* [Dataset entries]
--- START ---
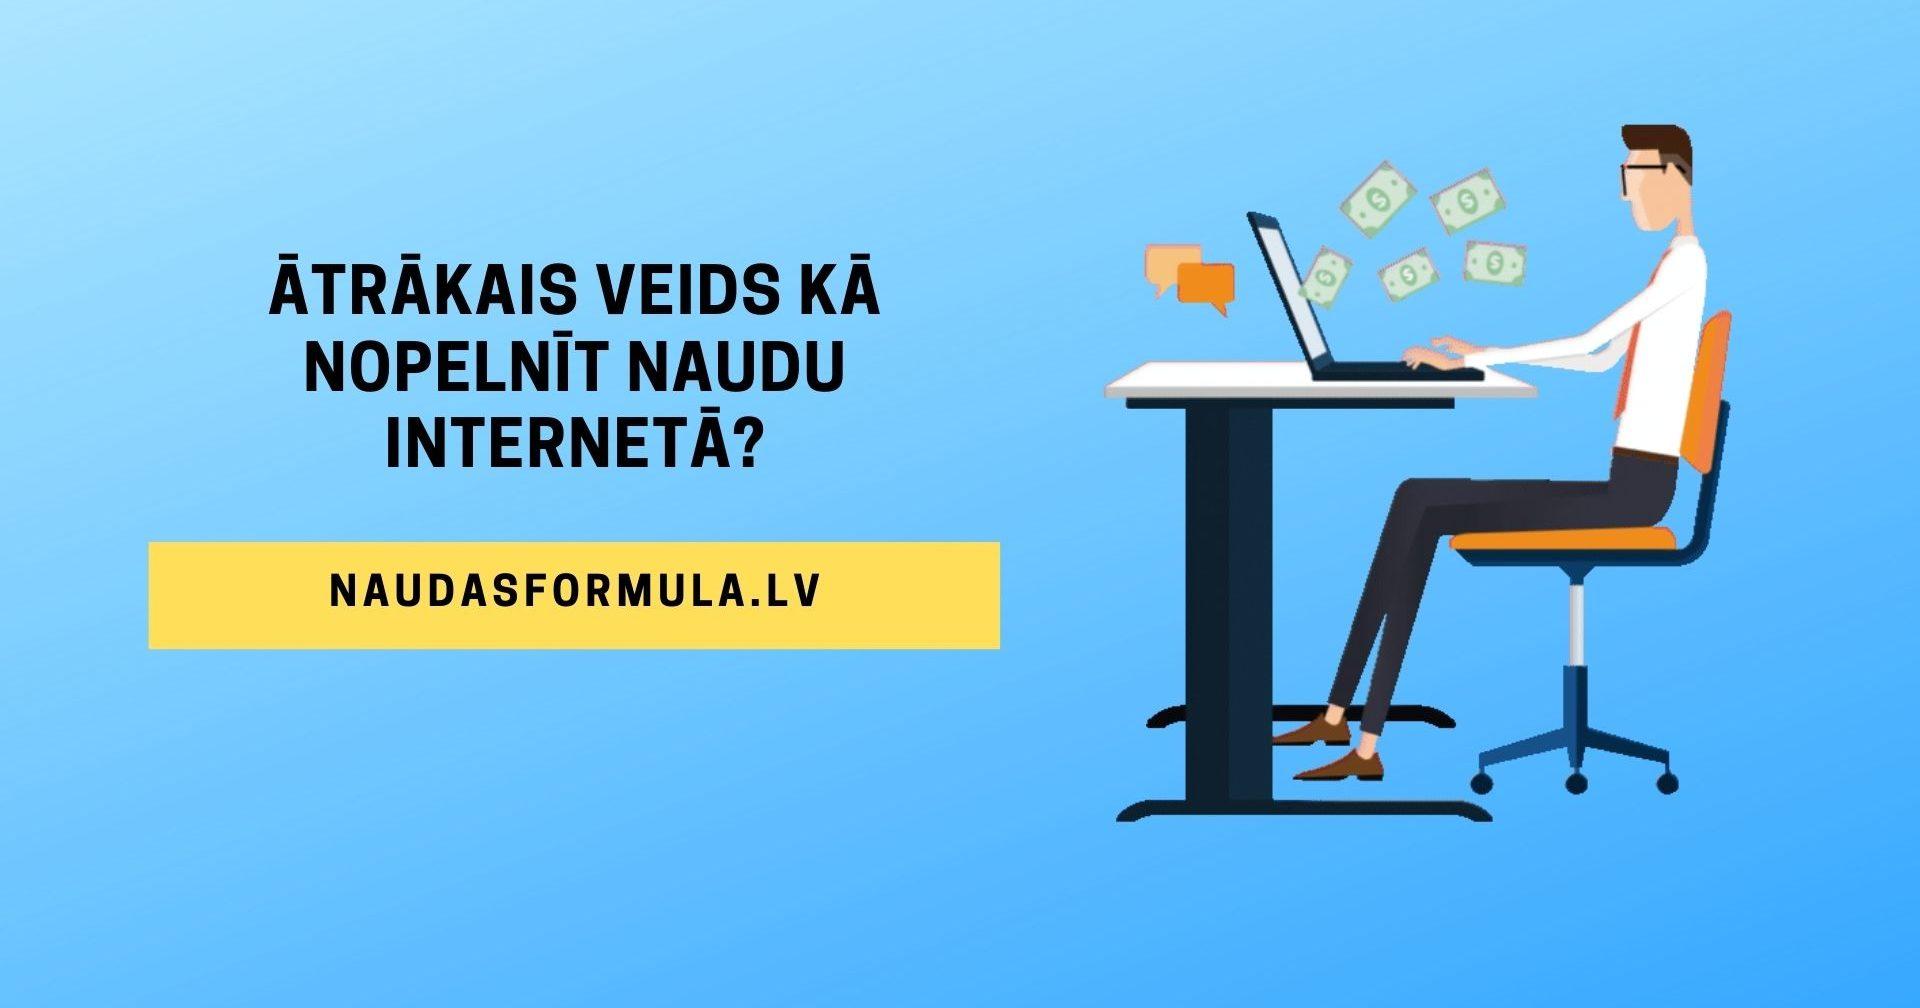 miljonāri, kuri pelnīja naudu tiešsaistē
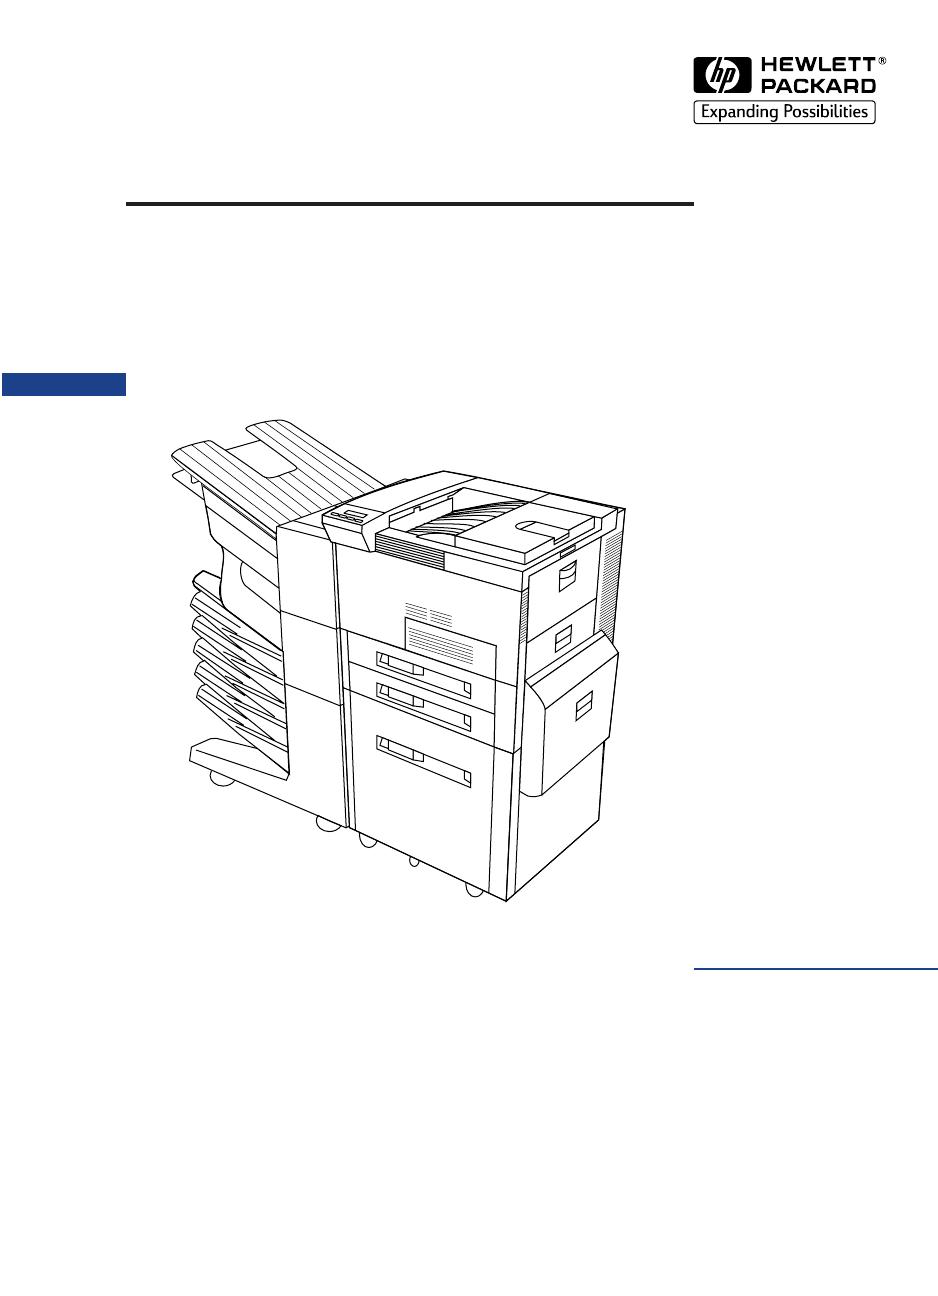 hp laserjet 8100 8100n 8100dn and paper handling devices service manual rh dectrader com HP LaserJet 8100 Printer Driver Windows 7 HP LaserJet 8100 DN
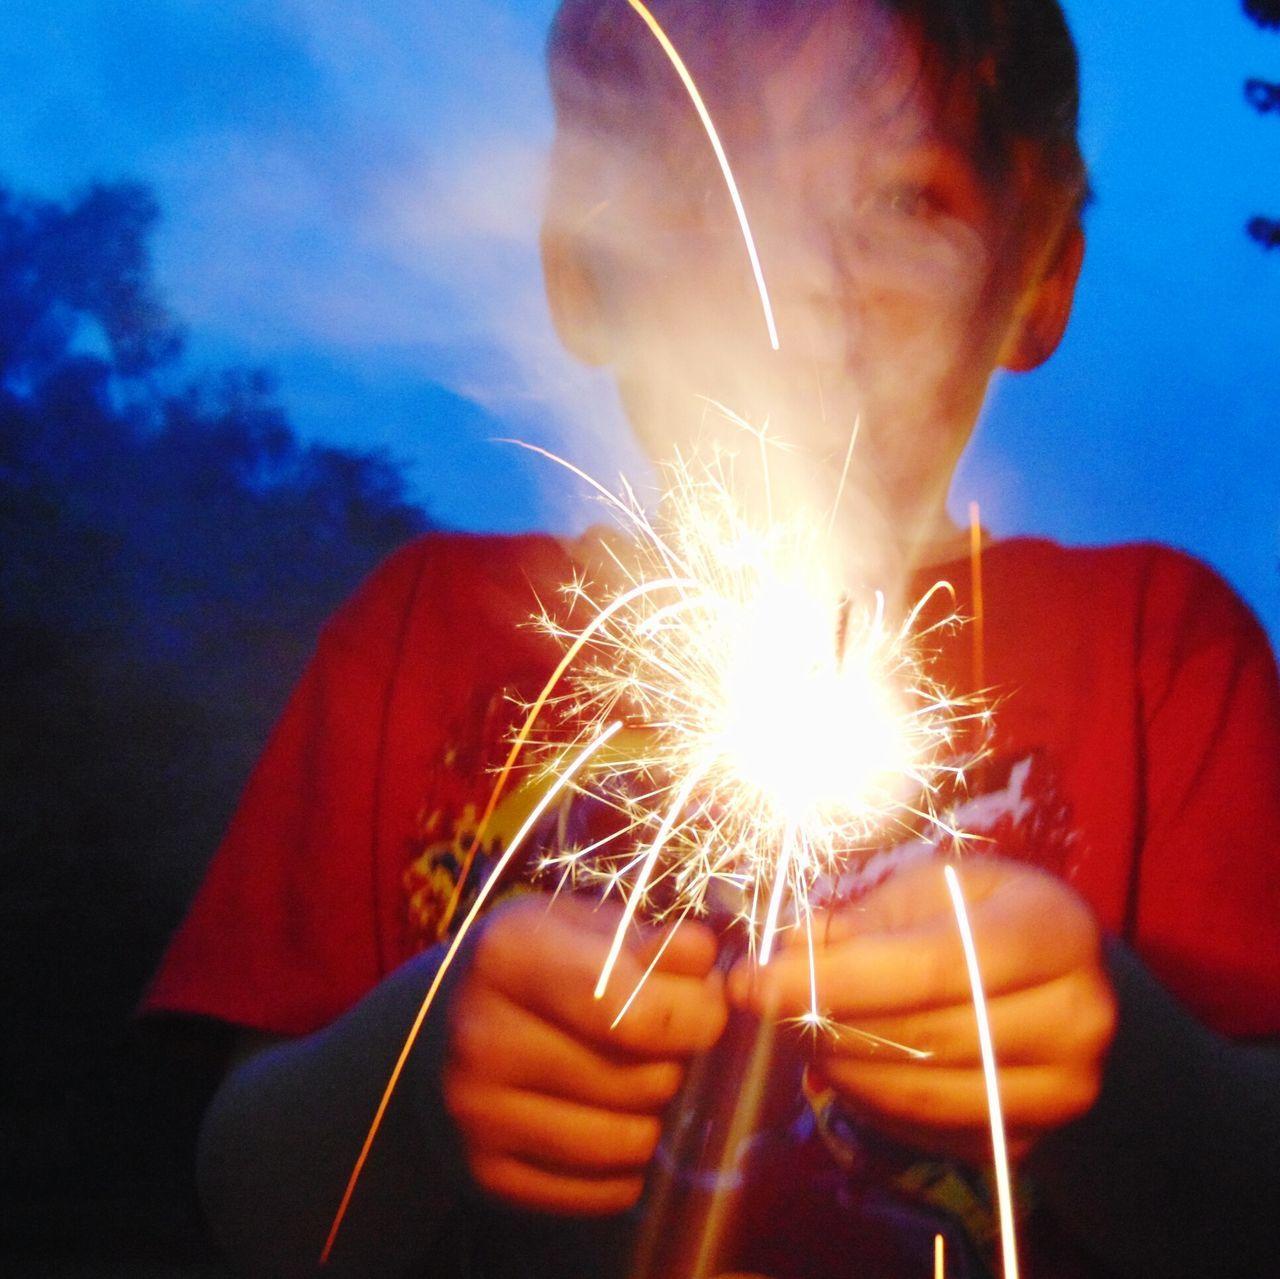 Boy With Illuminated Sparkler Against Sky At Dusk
--- END ---
--- START ---
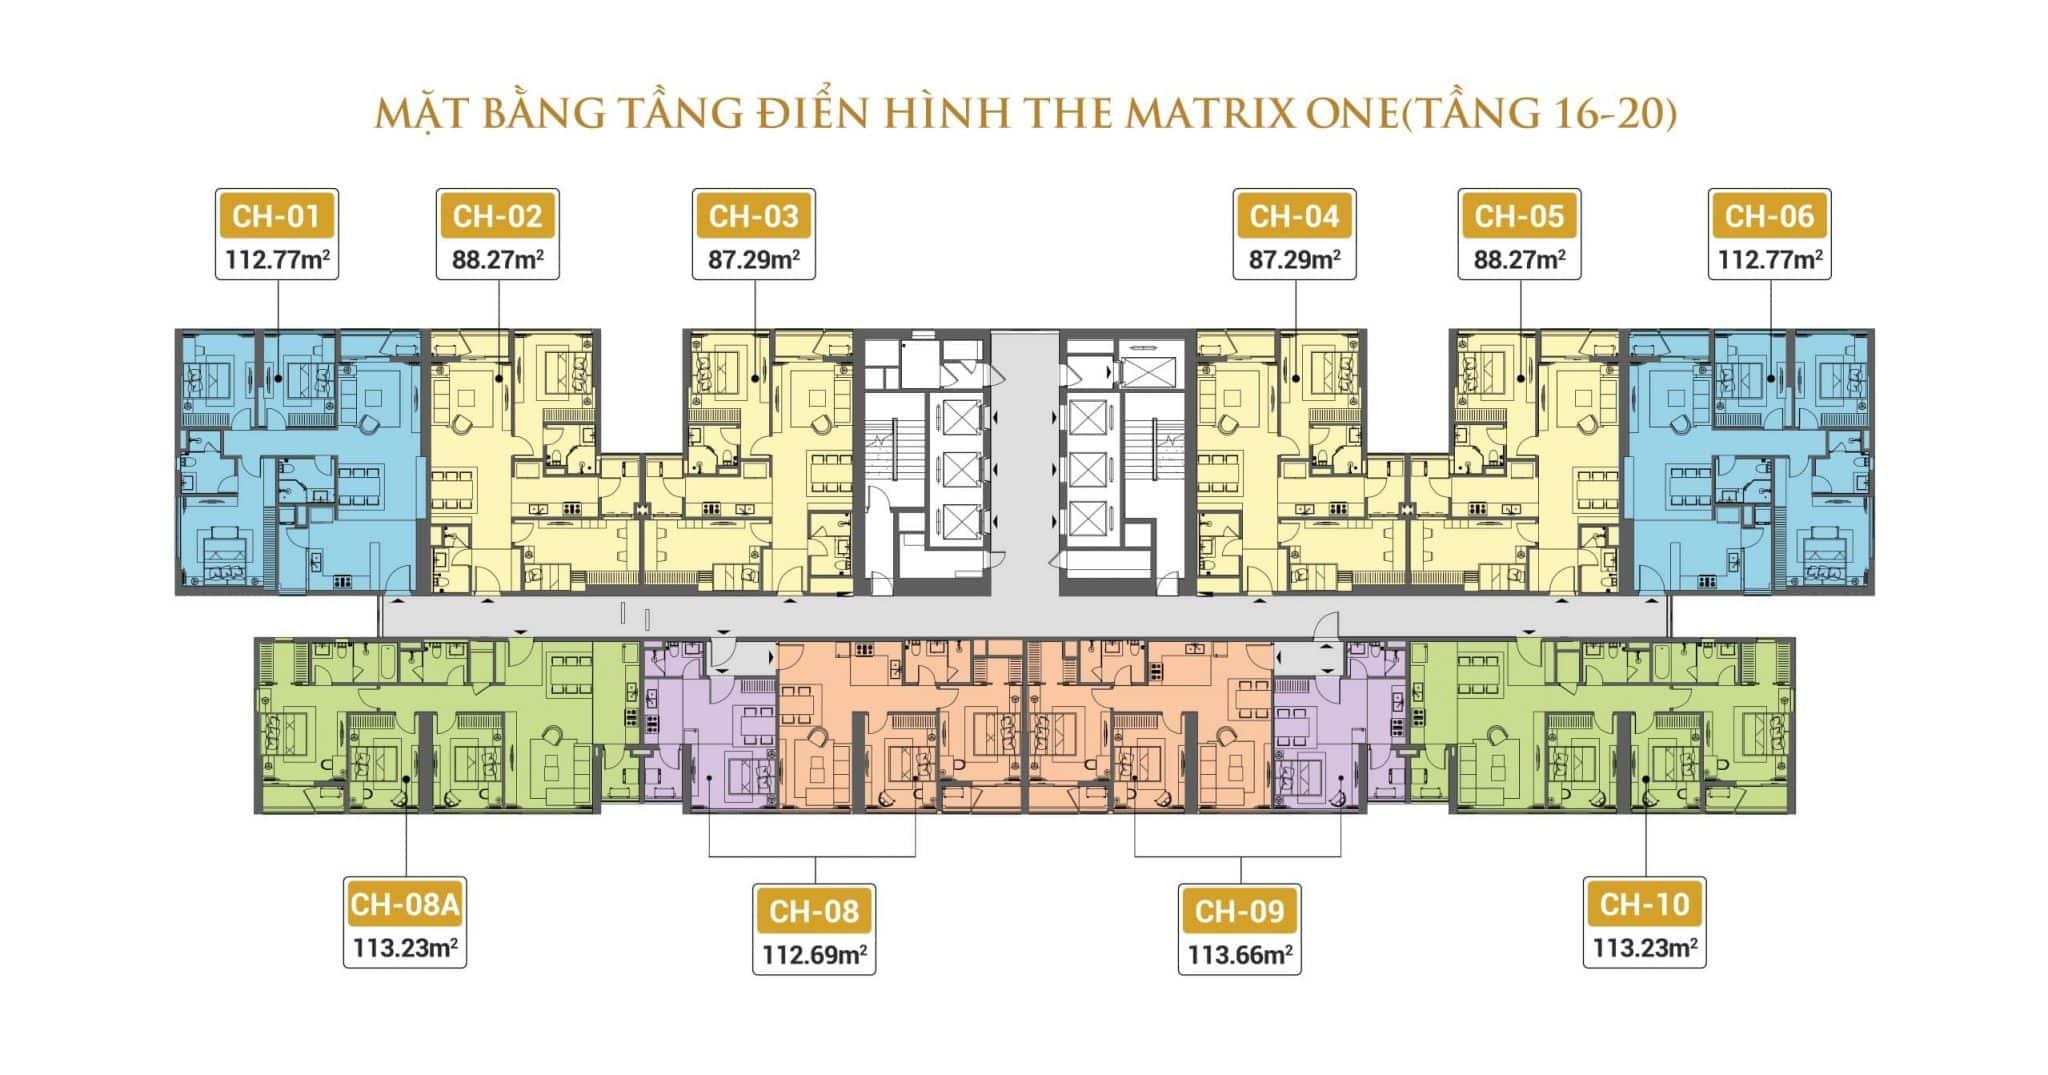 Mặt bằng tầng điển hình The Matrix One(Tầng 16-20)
--- END ---
--- START ---
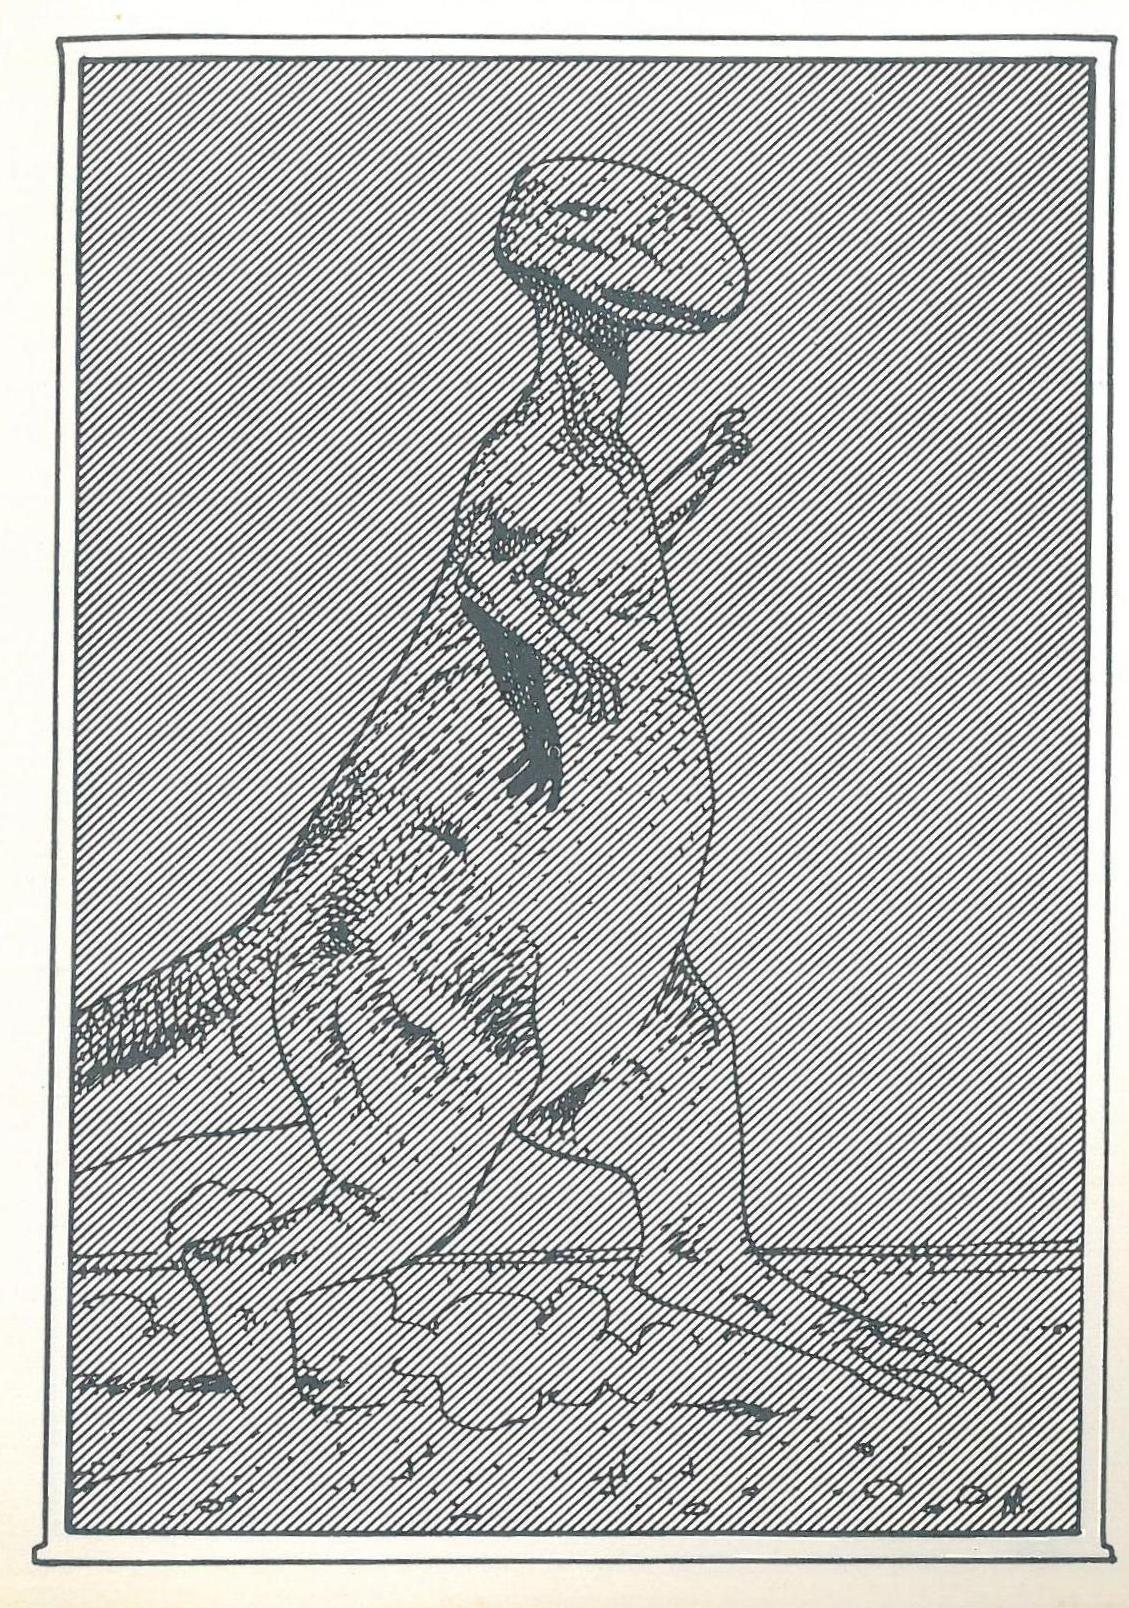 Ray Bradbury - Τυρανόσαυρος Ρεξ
--- END ---
* [Task to complete]
Everything from the line above that contains "miljonāri, kuri pelnīja naudu tiešsaistē" down to the line that contains "Boy With Illuminated" must be reproduced exactly, both ends included. Omit the pictures.

* [Solution for this problem]
 miljonāri, kuri pelnīja naudu tiešsaistē
 hp laserjet 8100 8100n 8100dn and paper handling devices service manual rh dectrader com HP LaserJet 8100 Printer Driver Windows 7 HP LaserJet 8100 DN
 Boy With Illuminated Sparkler Against Sky At Dusk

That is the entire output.